It used to be that the freaks of the world managed to find me by some special instinct they have that tells them where the other freaks are. Now that I have a blog, they find me by doing internet searches. Some of the searches listed below are recent and some are older, since I copy and paste these searches into a blog draft and let them sit until I'm sober enough to concoct a reasonably coherent blog post. I'd like to take a moment now to address these seekers, that I may help them get the answers they were looking for.
To the person who wondered what is wrong if my bowels are green?:
While I'm not a doctor, I think I know the answer to this one. What's wrong is you shouldn't have any idea what color your bowels are, since they're located inside your body and, ideally, shouldn't be visible to you unless you've been impaled by a javelin or gutted by an angry biker. If you've actually seen your bowels recently, or can see them now, get thee to a doctor at once.

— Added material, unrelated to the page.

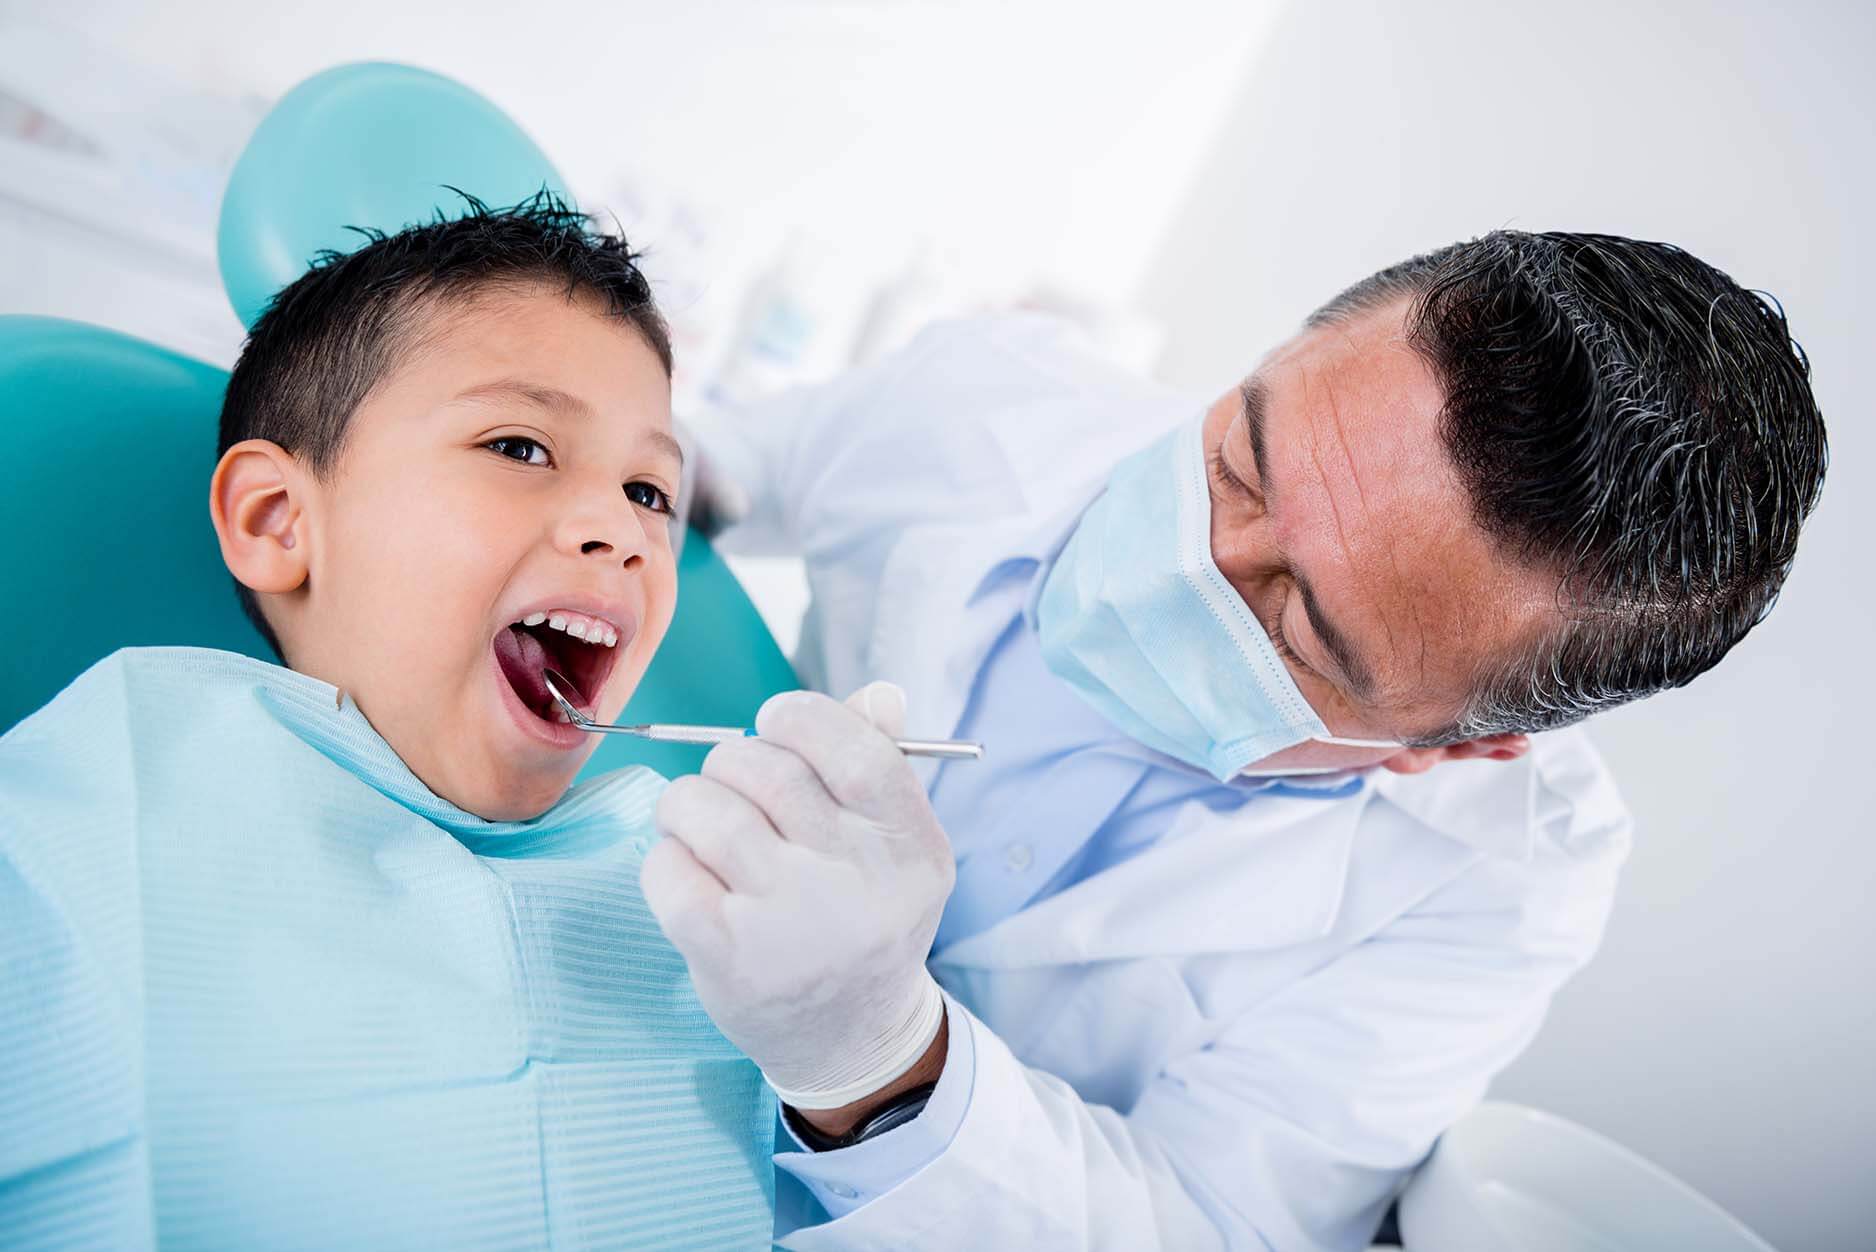 Multi-tooth Pediatric Dental Restoration – Restorative Pedo Crowns

To the person who found my site by searching for am I mentally stable enough to have a baby:
No. Just because I did it doesn't make it right.
To you who found me by searching for what does the name Karla mean?
I think I explained this one pretty well.
To the grade school dropout who found me by searching for do men with big penis's cheat:
In my own independent study, I discovered that it's not the size of the penis that correlates with infidelity, it's the existence of a penis. Remember the old adage, "Have penis, will plunge it indiscriminately into any willing party."
To the poor soul who found me by searching for how to stop underwear chewing:
This one is tough, but it can be done. This heartbreaking addiction recently plagued someone in my own family, but I'm proud to say that with love and determination, we were able to help him overcome it and go on to lead a healthy, happy, productive life, depending on your definition of "productive."
If you're the one who found me by searching for put on thong panties properly?:
I don't know how helpful I can be in writing--this is much easier to demonstrate in person, which I would be willing to do for a moderate fee. But there's definitely a right way and a wrong way to do it. Here's a short list of Wrong Ways to put on thong panties:
1) On your head. Fun, but wrong.
2) In a bus station bathroom. Unless it's absolutely necessary, which yes, it sometimes is.
3) In any instance in which the thong panties are 2 or more sizes smaller than your ass.
4) In any instance in which you are a man, and the thong is going on your ass instead of the ass of a female companion.
4) In full view of the remaining bachelor party attendees, after the party. Proper etiquette demands that you gather up your discarded clothing from the floor and the lamp shades and take it into the bathroom or the hotel hallway to get dressed. You may have been a star 3 hours ago, but now you're a used Kleenex.
To the person who found me by searching for where to buy roofies:
I think you've landed on the wrong website. Try here instead.
To the person who found me by searching for loser sitting in front of computer masturbating:
Please, don't make fun of my friends. I won't tolerate it.